De avond voordien, 20 november 1989, kwamen de vertegenwoordigers van Herri Batasuna samen in het hotel “Alcalá” te Madrid, om te dineren en de strategie voor de zitting van de volgende dag voor te bereiden. Twee gemaskerde mannen stapten op hen af en vuurden meermaals met een wapen. Muguruza (31 jaar) overleed ter plekke en Iñaki Esnaola werd zwaar gekwetst. Jon Idigoras ontsnapte als bij wonder aan de dood. Twee ultrarechtse daders werden gearresteerd: Ángel Duce en Ricardo Sáenz de Ynestrillas.

Julen Mardariaga

Josu Muguruza Guarrotxena werd geboren in de wijk Rekalde te Bilbo in 1958. Hij was journalist en leider van de Izquierda Abertzale. Aanvankelijk studeerde hij Pedagogie aan de universiteit van Bilbo, maar ruilde al vlug die faculteit om over te stappen naar een school voor journalistiek in Lejona (Bizkaia).

Samen met een aantal studenten (uit Biskaia en Gipuzkoa) van de Jezuïetenuniversiteit in Deusto, richtte hij de organisatie EKIN (actie) op. In tegenstelling tot het traditioneel Baskisch nationalisme was Ekin heel wat radicaler. De verstandhouding tussen Ekin en PNV bereikte hierdoor al vlug een dieptepunt, en eind 1958 was de breuk onherstelbaar geworden. In 1959, na de samenwerking EKIN-EGI (EGI was de jeugdorganisatie van de PNV) werd ETA opgericht. De advocaat Iulen Madariaga was één van de stichters en één van de eerste leiders van ETA. De jaren 1963-64 waren gekenmerkt door een aaneenschakeling van razzia’s tegen ETA, en uit die noodsituatie werd beslist om Madariaga uitzonderlijk te benoemen tot “Buruzagi” (enige leider), met alle volmachten voor een periode van 6 maanden. Dit feit is uniek in de geschiedenis van de organisatie. Hij zag zich, wegens de noodsituatie, verplicht uit te wijken naar Iparralde, waar hij in 1986 de Franse nationaliteit verwierf.

In 1964 probeert hij, samen met o.a. de broers Isidro en Telesforo Monzón, een Frente Nacional Vasco (een Baskisch front) op te richten, wat mislukte door de afwijzende houding van de PNV. Eind 1964 werd een uitwijzingsbevel tegen hem uitgevaardigd en bij een veroordeling in Bayonne, begin 1965, vluchtte hij, samen met Irigarai, naar Algerije waar hij juridisch adviseur werd van de onderneming SEMPAC (tweede belangrijkste bedrijf van Algerije). In 1966 verplaatste hij zich naar Vlaanderen (intussen had hij 6 maanden vastgezeten in de gevangenis van Gradignan (Bordeaux). Tussen 1968 en 1970 was hij professor aan de Hogeschool voor Vertaler-Tolk te Gent.

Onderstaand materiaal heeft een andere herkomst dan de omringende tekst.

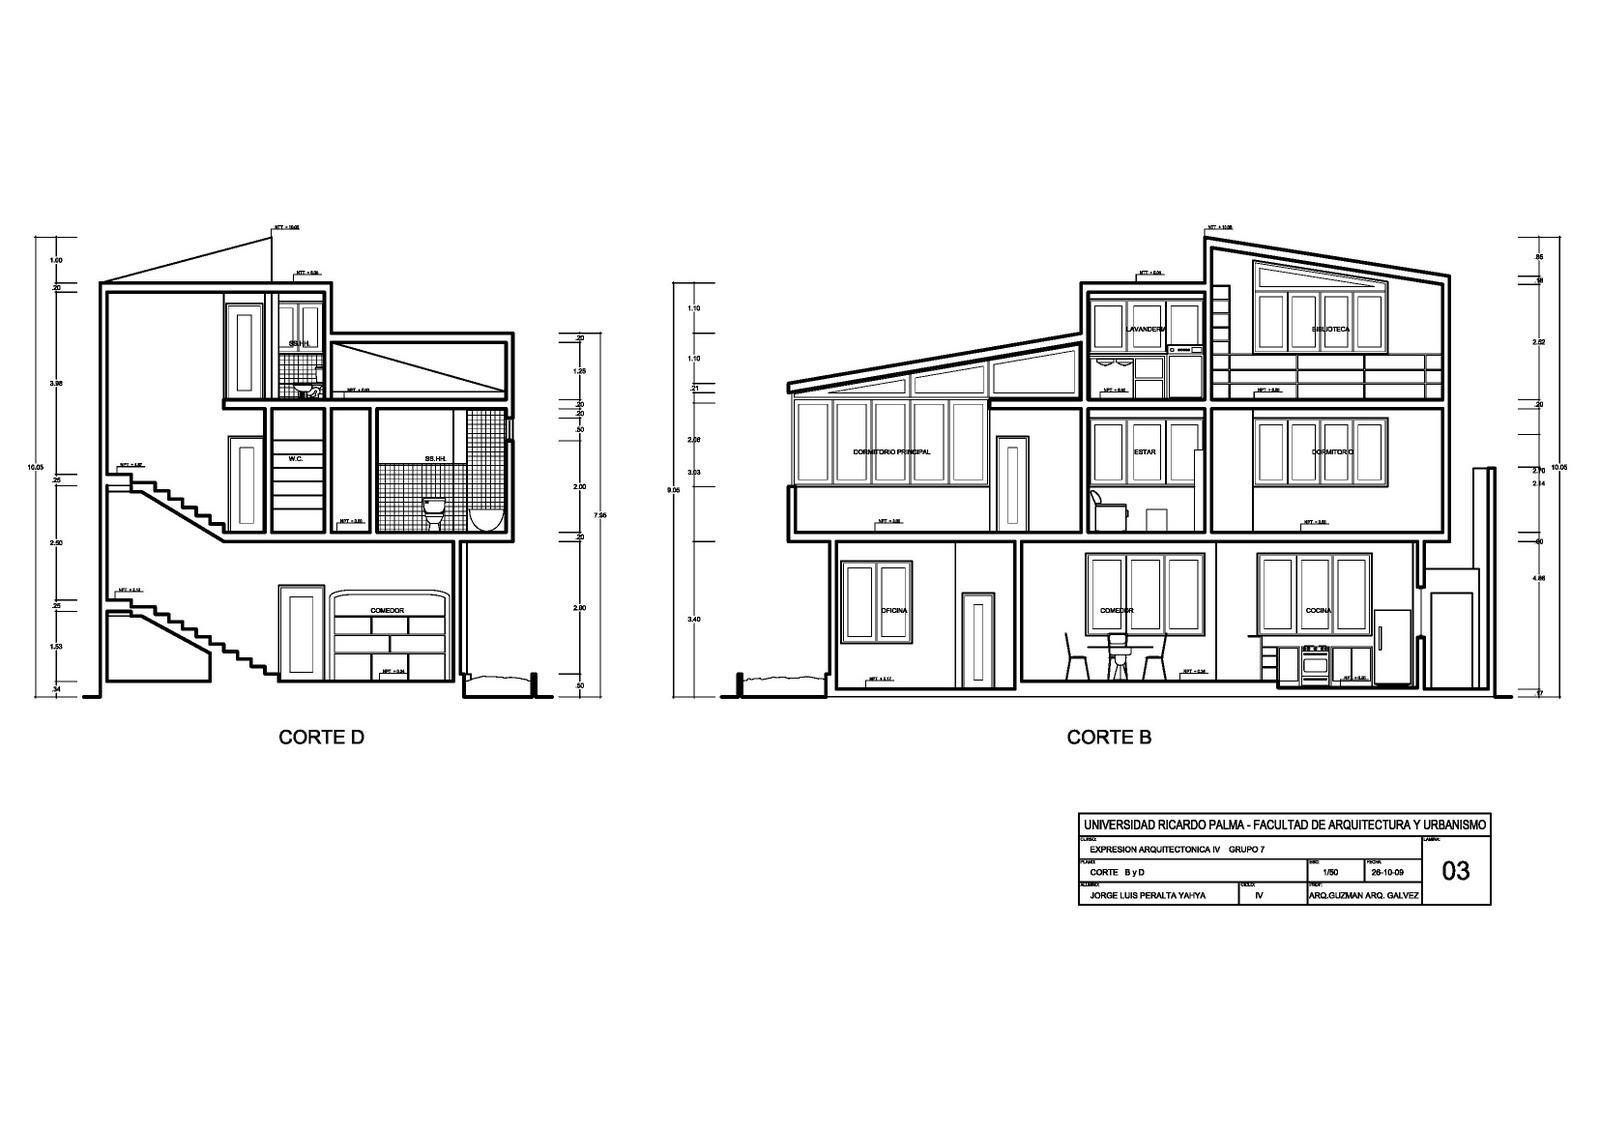 Expresi n arquitect nica 4 planos de arquitectura for Clasificacion de los planos arquitectonicos

Eind 1969 werd hij in beschuldiging gesteld wegens rebellie en op het proces van Burgos, bij verstek, veroordeeld tot levenslang. In 1971 onderneemt hij een nieuwe poging om zich in Iparralde te vestigen, maar op 31 augustus van dat jaar wordt hij nogmaals uitgewezen. Op 27 oktober, nog altijd in datzelfde jaar, wordt hij gearresteerd. Samen met nog 45 personen, waaronder ook Telesforo Monzón, hield hij een hongerstaking in de kathedraal van Bayonne om zich te verzetten tegen zijn opsluiting in het bijzonder en tegen de heksenjacht in het algemeen. In een spectaculaire operatie gebruikte de inlichtingendienst “Compañías Republicanas de Seguridad” voor de eerste maal traangasgranaten die in de kathedraal werden afgevuurd. Drie maanden na zijn arrestatie en opsluiting, eerst in Bayonne, daarna in Fresnes (Parijs), wordt hij andermaal verbannen. In februari 1972 gaat hij in Chili wonen, waar hij staatsburger is, maar datzelfde jaar nog keert hij, via Brussel, terug naar Europa. In 1977 reist hij legaal naar Bilbao, gebruik makend van het democratiseringsproces in de overgangsperiode (La Transiciόn) na de dood van Franco. Maar al vlug vestigt hij zich opnieuw in Iparralde, waar hij op 12 maart 1986 de Franse nationaliteit verwerft. In Biarritz leidt hij de onderneming ATURRI, die zich bezighield met de fabricatie van ventielen voor de productie van koolwaterstof. In mei 1988 is hij aanwezig te Barcelona bij de voorstelling van het boek: “Artapalo. ETA después de Txomin” (Artapalo is een sleutelwoord, gebruikt door ETA in de jaren 1986-92, die eigenlijk de benaming was voor de topleiders die in Golpe de Bidart opgepakt werden). Zijn verklaringen maken ophef, want hij zet Felipe González en zijn ploeg voor schut. Op 12 maart 1988 wordt hij gearresteerd door de Franse politie in de zaak “Sokoa” (een meubelzaak waar heel veel wapens en bezwarende documenten werden gevonden in december 1986), maar werd na verklaringen nog dezelfde dag vrijgelaten. Twee maanden later, op 31 mei 1988, wordt hij in Biarritz gearresteerd, op last van de Franse magistraat Legrand die onder druk gezet werd door Felipe González en Alfonso Guerra. Hij wordt beschuldigd van “samenwerking met ETA”, maar er wordt geen enkel bewijs gevonden.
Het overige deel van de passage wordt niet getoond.